Work item:
Please make an exact copy of the lines from the one holding "Dámska kabelka do" through the end of the data, both ends included, with no pictures.

Data provided:
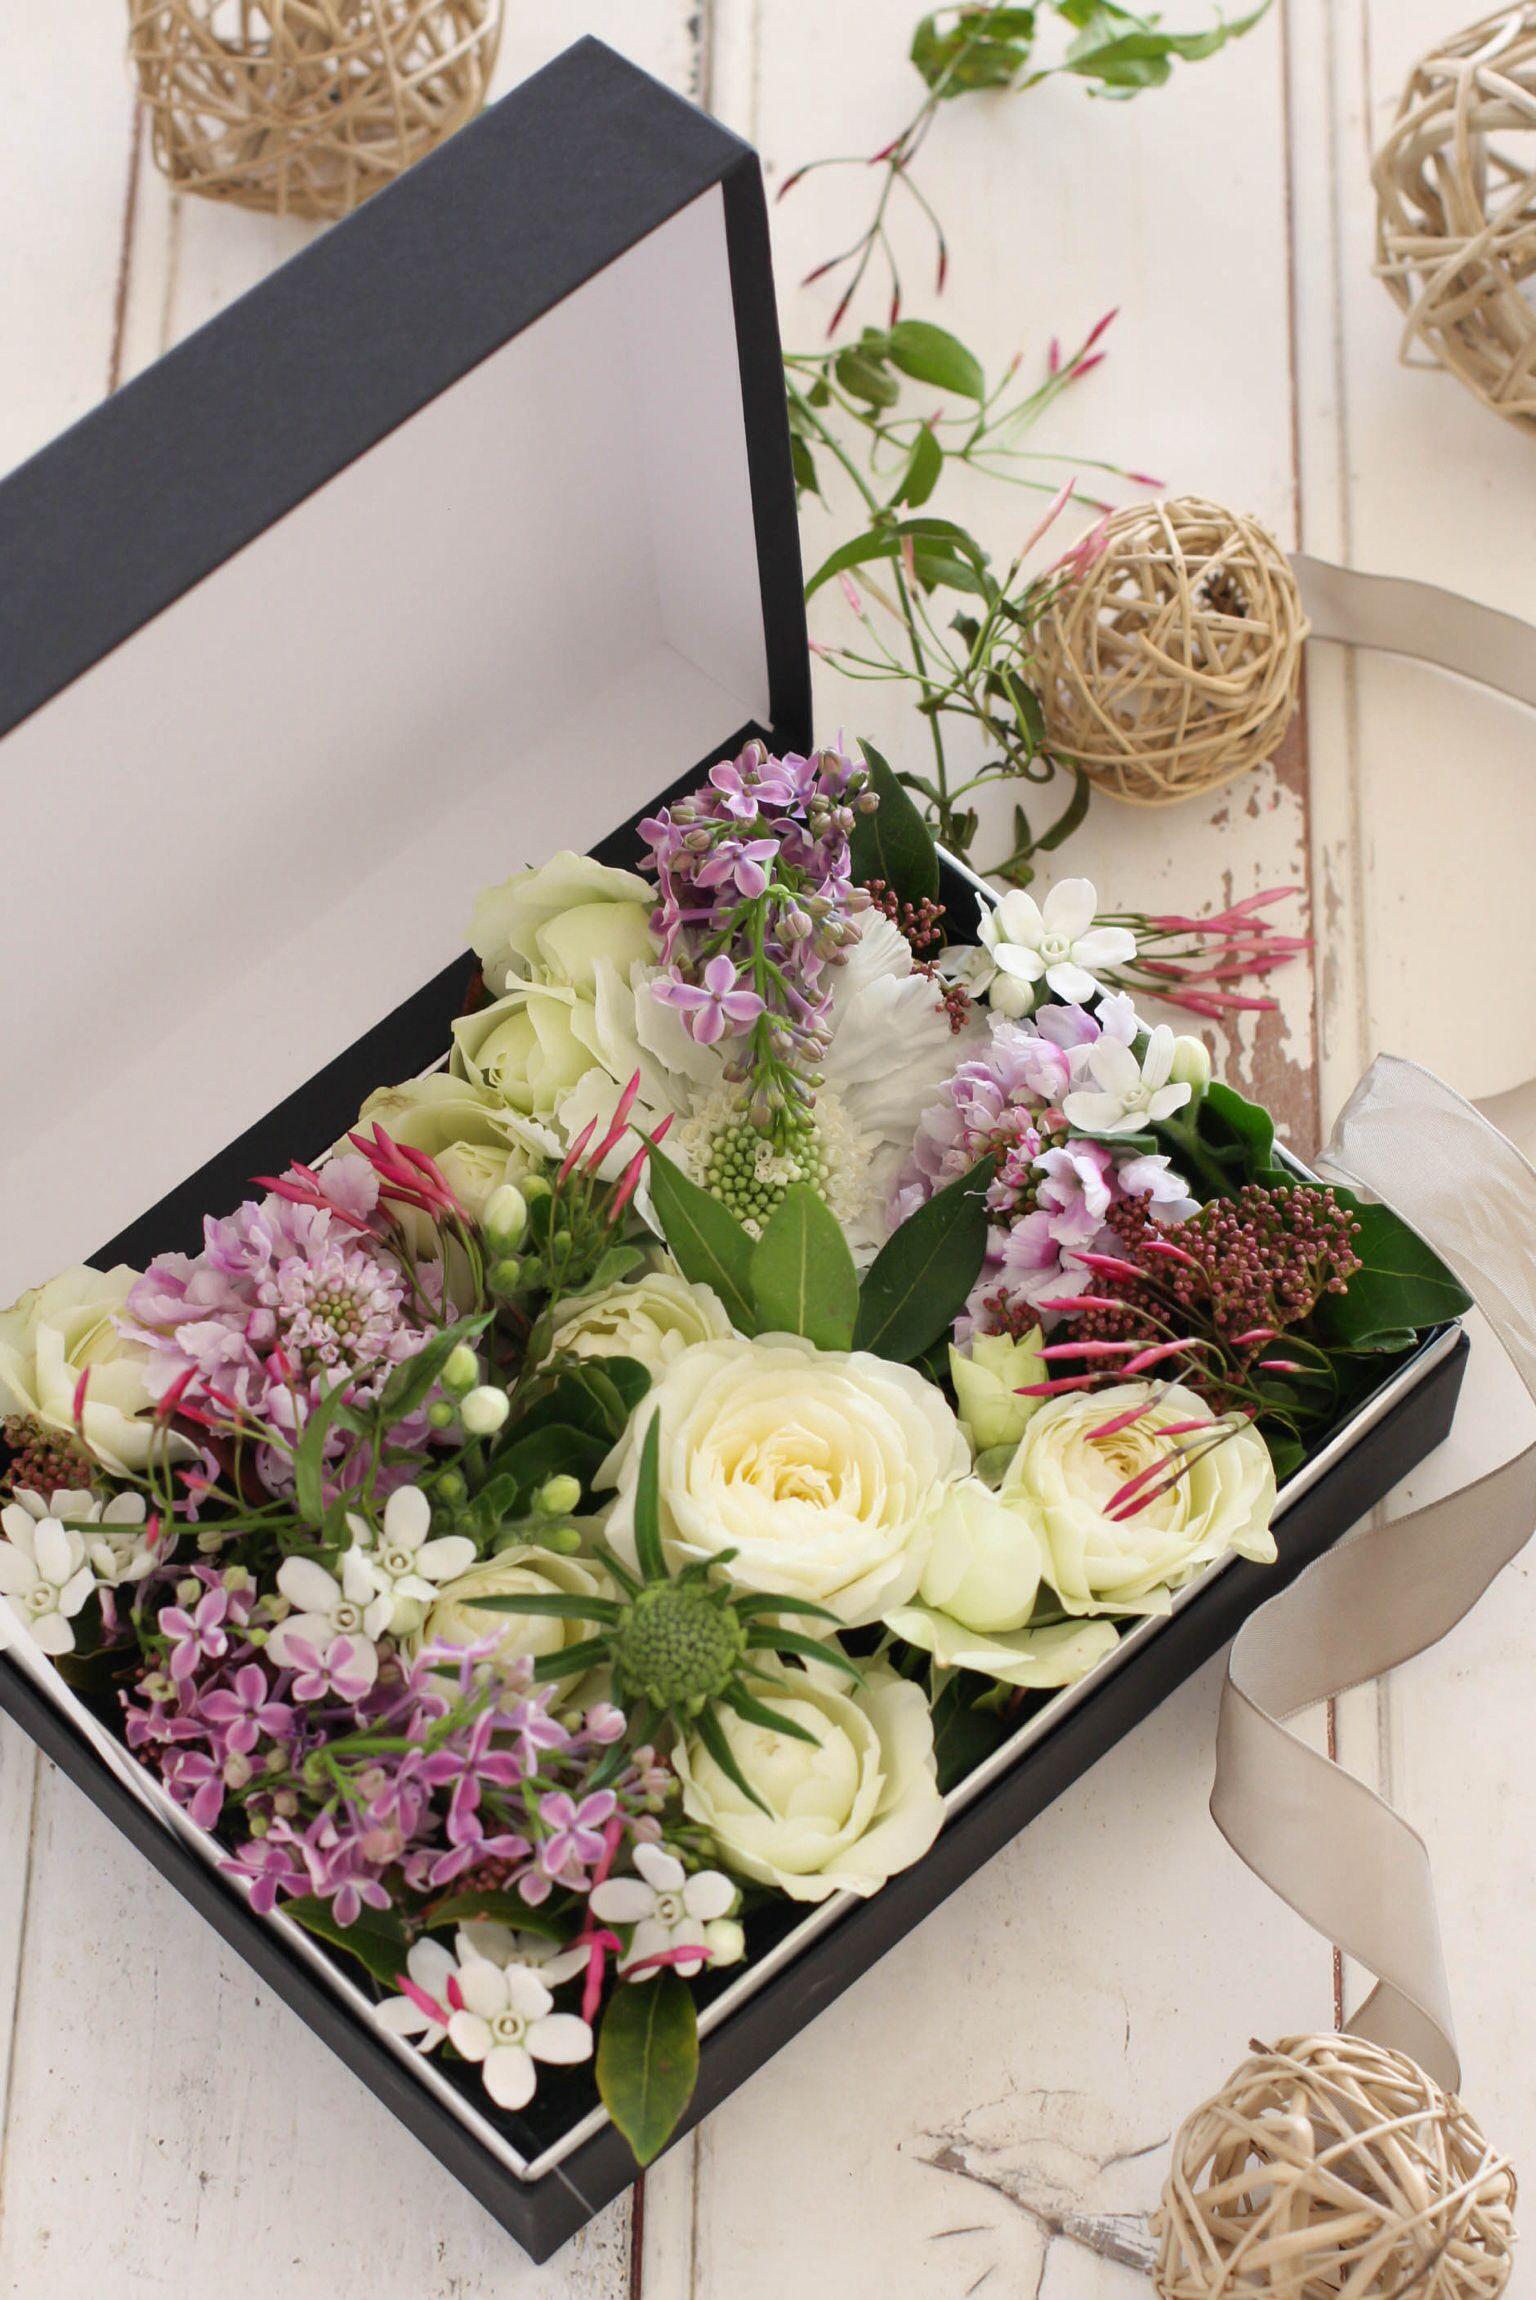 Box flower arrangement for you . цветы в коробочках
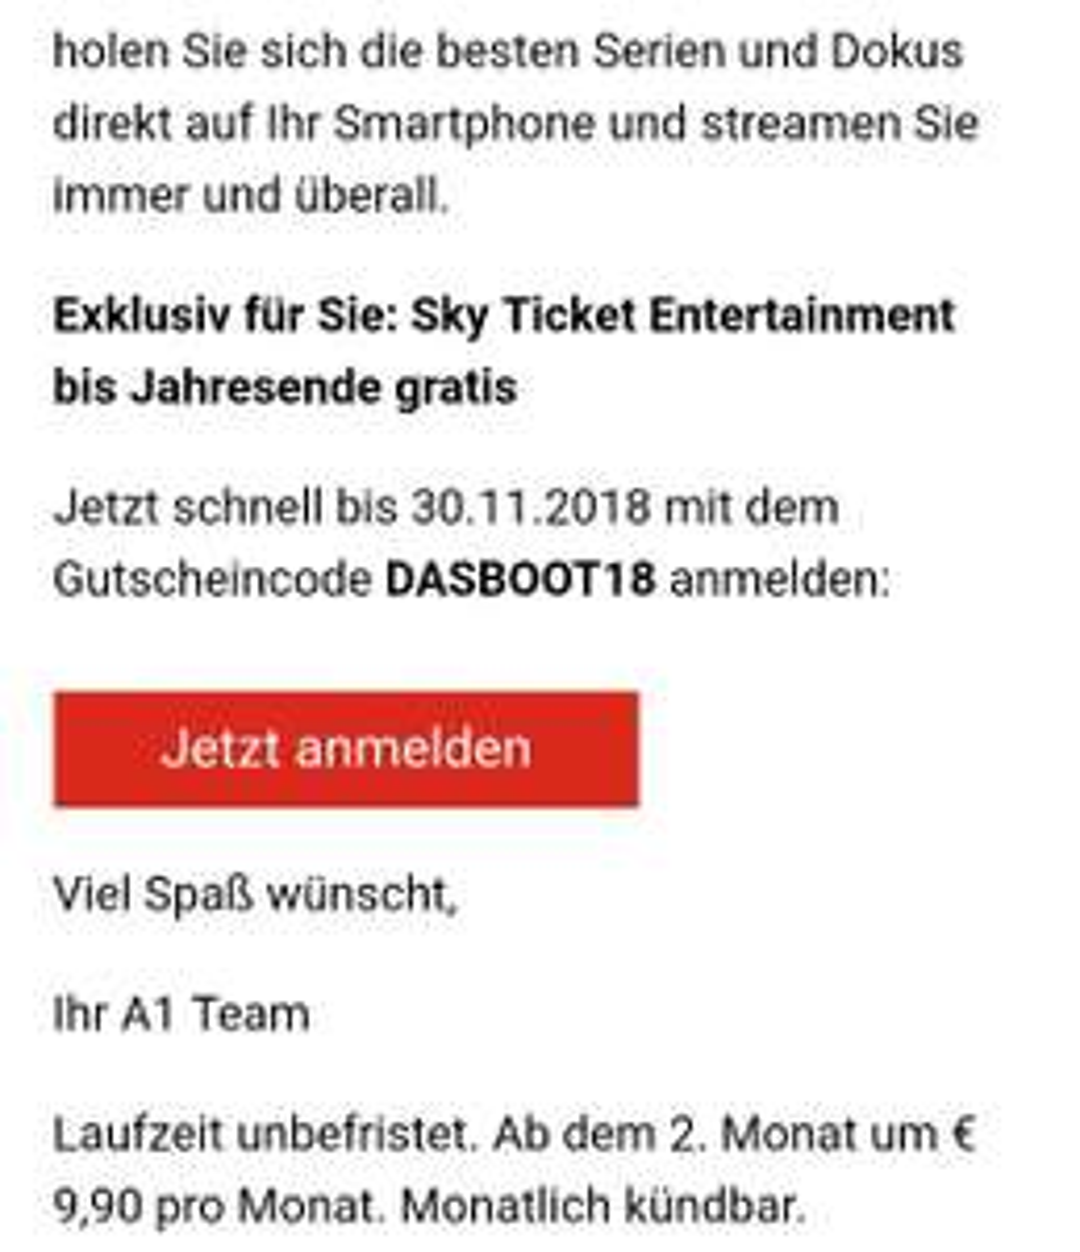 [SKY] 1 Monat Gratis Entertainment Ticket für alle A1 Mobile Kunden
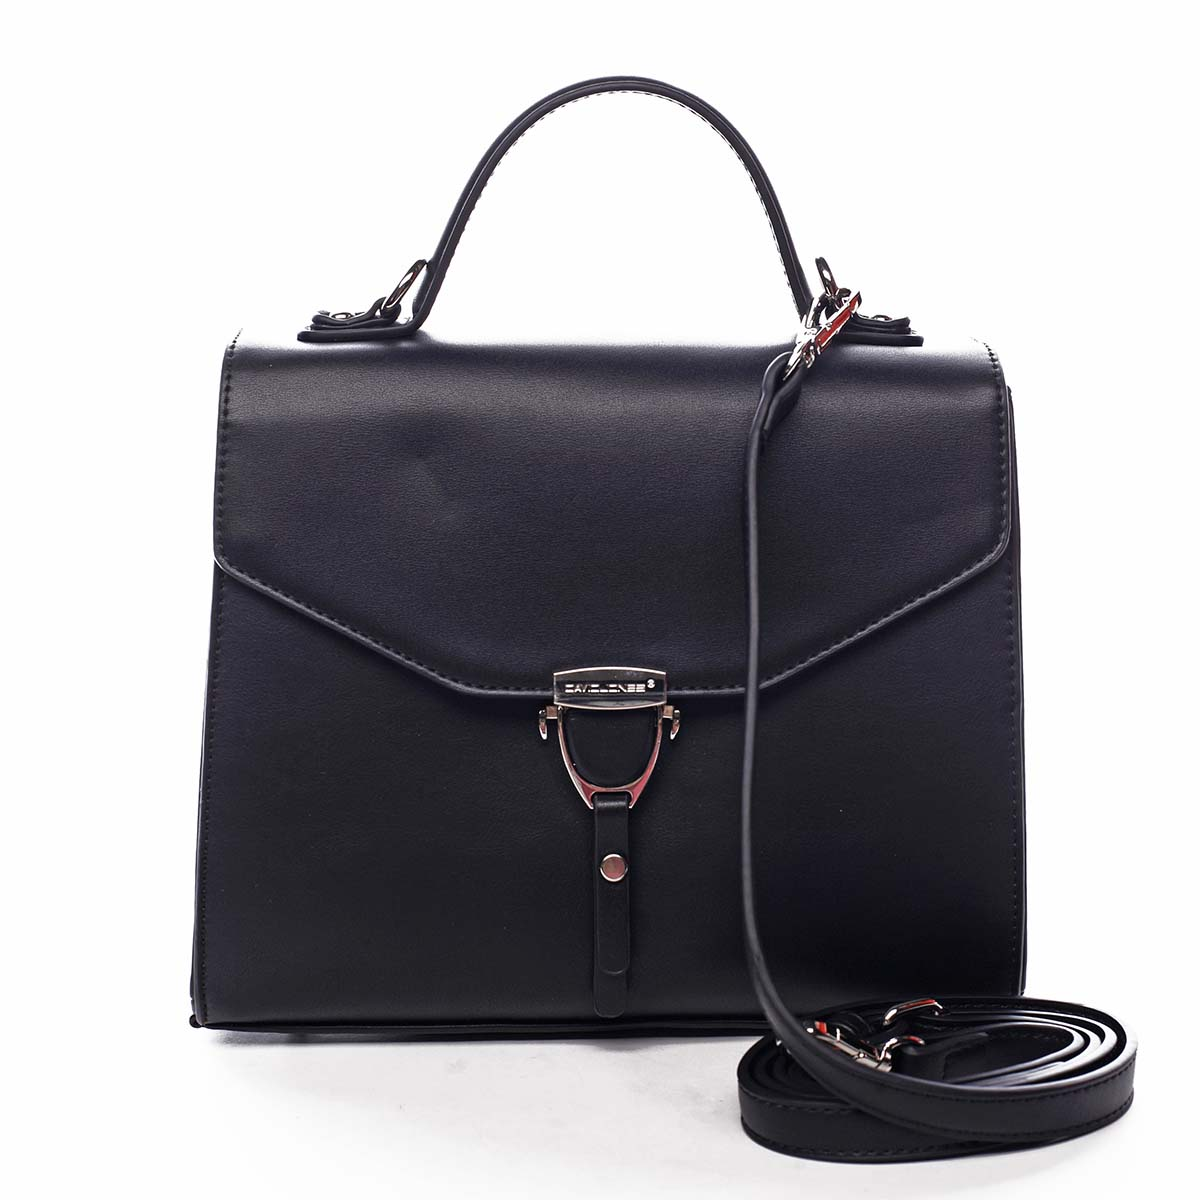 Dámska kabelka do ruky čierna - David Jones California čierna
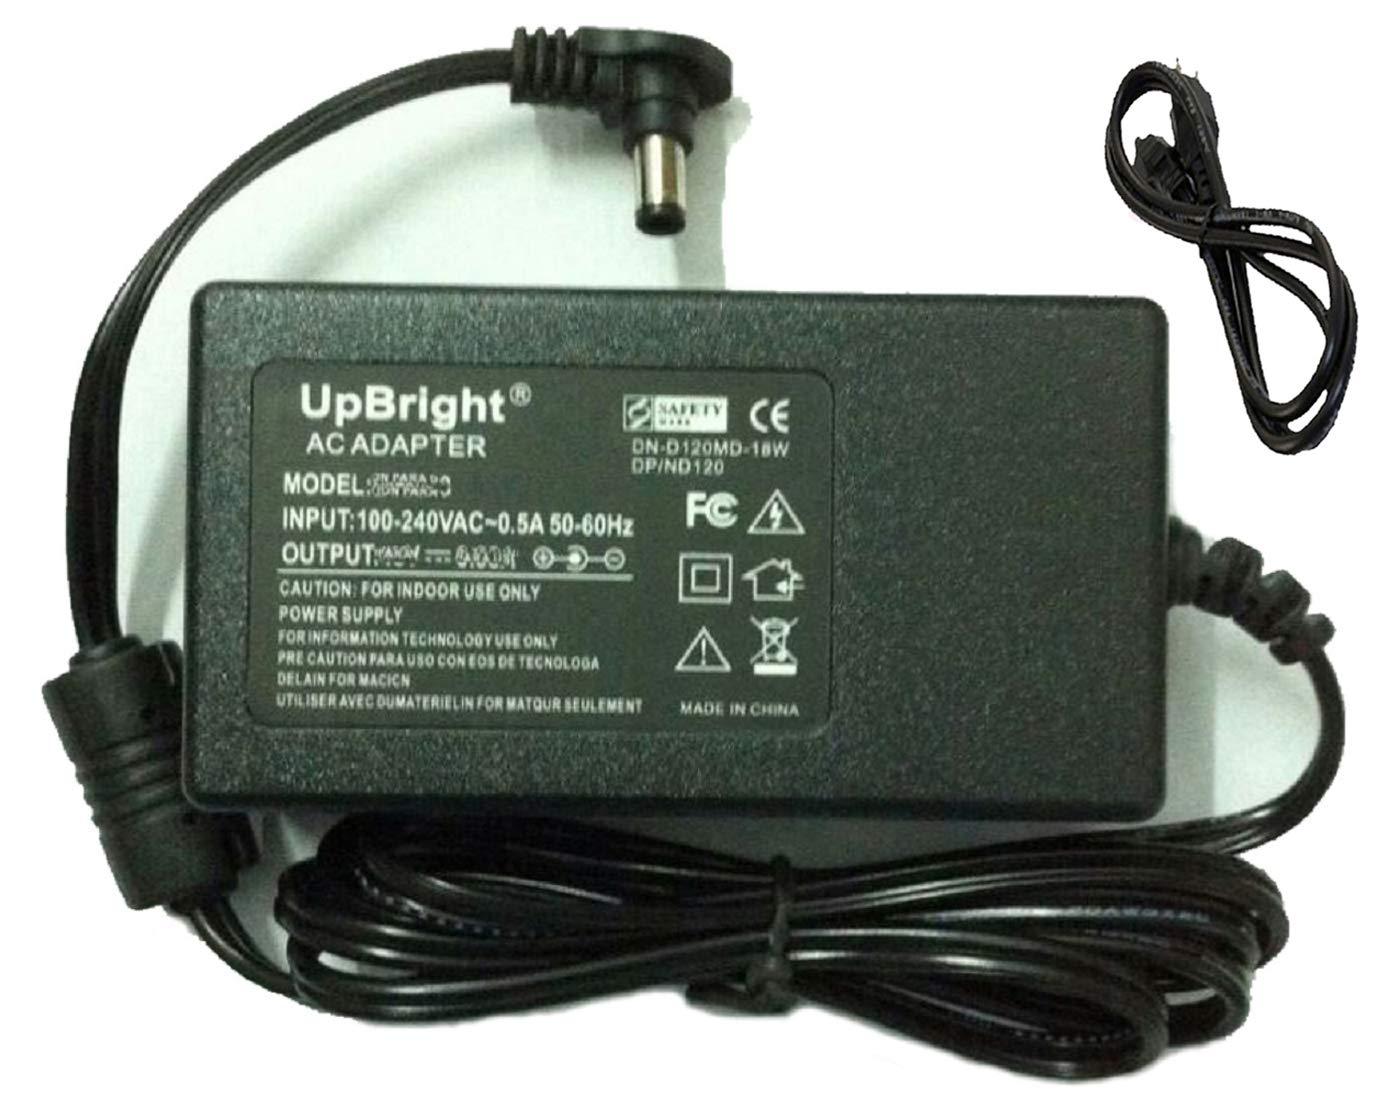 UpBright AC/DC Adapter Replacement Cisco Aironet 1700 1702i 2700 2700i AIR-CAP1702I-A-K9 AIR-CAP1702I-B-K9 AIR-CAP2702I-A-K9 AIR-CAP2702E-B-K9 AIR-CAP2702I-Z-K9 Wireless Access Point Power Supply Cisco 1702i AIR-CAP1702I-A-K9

Exercise response:
 Dámska kabelka do ruky čierna - David Jones California čierna
 UpBright AC/DC Adapter Replacement Cisco Aironet 1700 1702i 2700 2700i AIR-CAP1702I-A-K9 AIR-CAP1702I-B-K9 AIR-CAP2702I-A-K9 AIR-CAP2702E-B-K9 AIR-CAP2702I-Z-K9 Wireless Access Point Power Supply Cisco 1702i AIR-CAP1702I-A-K9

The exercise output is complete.